Does DAPT Work as Well for Stroke as It Does for ACS?
Dual antiplatelet therapy (DAPT) with aspirin and another antiplatelet agent such as clopidogrel, prasugrel, or ticagrelor is the go-to preventive therapy for patients who have experienced certain cardiovascular events.
Dual antiplatelet therapy (DAPT) with aspirin and another antiplatelet agent such as clopidogrel, prasugrel, or ticagrelor is the go-to preventive therapy for patients who have experienced certain cardiovascular events.

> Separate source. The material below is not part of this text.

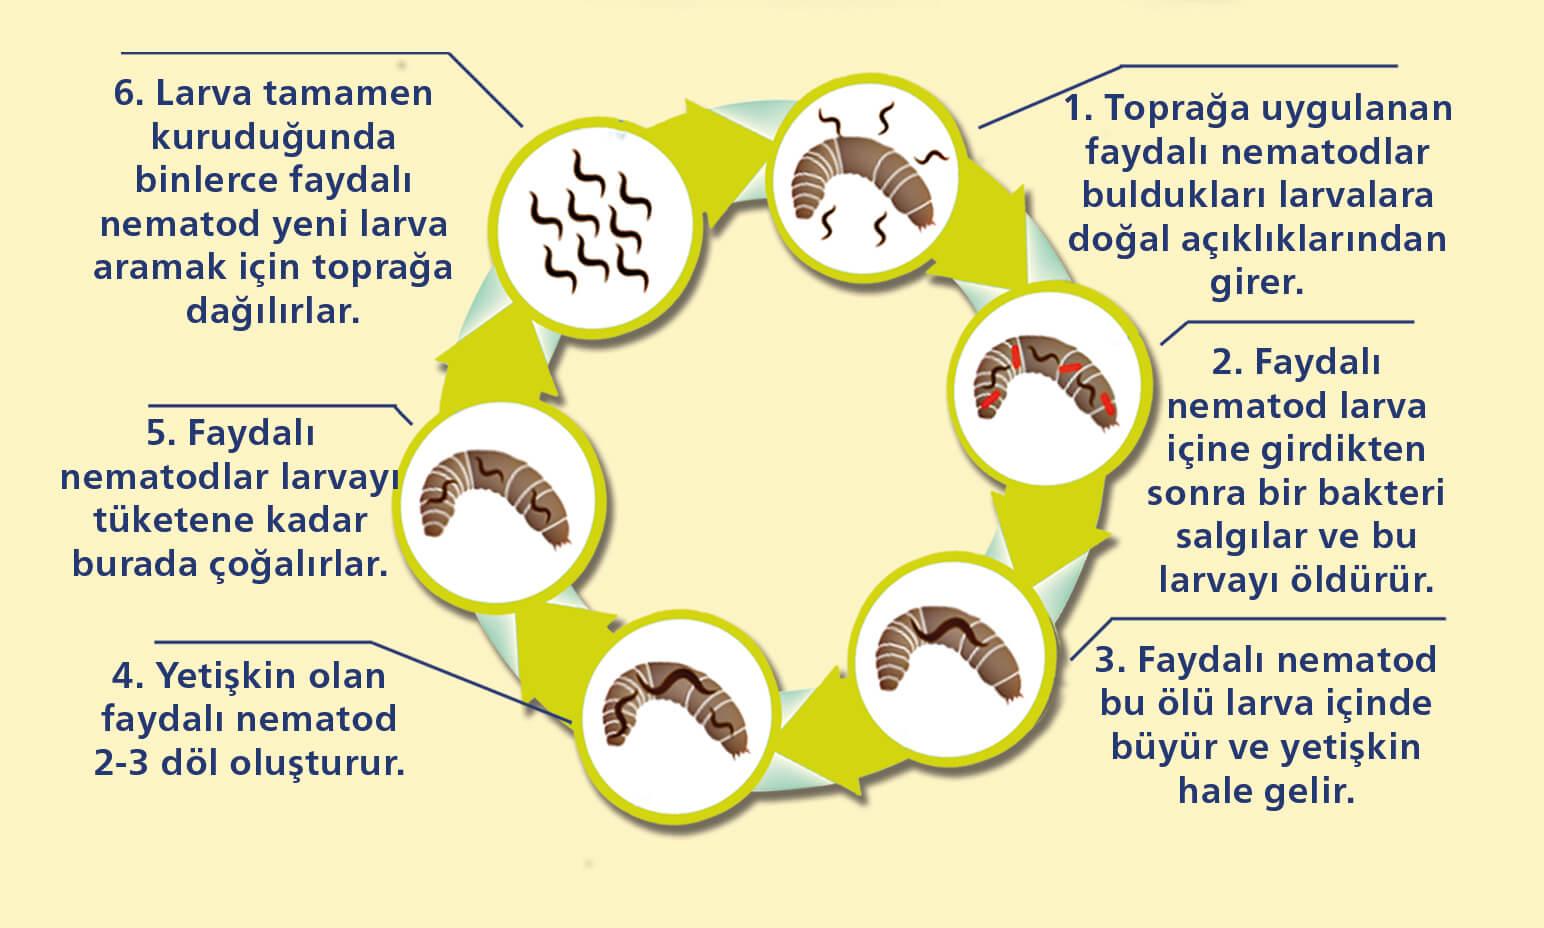 CAPSANEM'in Çalışma Prensibini GösterenDiagram

Its effectiveness is particularly good among patients in the post-acute coronary syndrome (ACS) period up to and beyond 1 year.
Clinical hospital pharmacists at Jackson Memorial Hospital and the University of Florida recently conducted a comprehensive literature review addressing the safety and efficacy of DAPT with aspirin and clopidogrel (Plavix) for secondary stroke prevention.
Since the underlying pathophysiology of ACS, ischemic stroke, and transient ischemic attack (TIA) are similar, it would stand to reason that all 3 would respond to DAPT. Nevertheless, DAPT’s effectiveness is less defined in ischemic stroke and TIA than in ACS.
Three large studies (MATCH, CHARISMA, and SPS3) compared DAPT with single antiplatelet therapy in patients with ischemic events. Those who received DAPT were more likely to experience bleeding than those who did not. In addition, these studies did not demonstrate an appreciable reduction in ischemic events with DAPT.
In 2 other large studies (FASTER and CHANCE), researchers examined DAPT with aspirin and clopidogrel started within 24 hours of the primary ischemic event. They documented fewer secondary ischemic events, but both studies had flaws.
FASTER couldn't reach its enrollment target and was terminated early. CHANCE was conducted in an entirely Chinese group, and due to strict enrollment requirements, all patients were at low risk for hemorrhage.
Current guidelines recommend against routine DAPT use for secondary stroke prevention. Aspirin and clopidogrel DAPT appears effective only for patients with minor stroke or TIA when started within 24 hours of the ischemic event and continued for a maximum of 21 days.
Future studies may provide evidence that DAPT can prevent recurrent ischemic stroke. If they do, the durations of treatment will need to be defined, and pharmacists will need to ensure that DAPT is discontinued appropriately to minimize bleeding risk.
The current review titled “Dual antiplatelet therapy with clopidogrel and aspirin after ischemic stroke: A review of the evidence” was published in the October 1, 2015, edition of the Journal of the American Society of Health-System Pharmacists.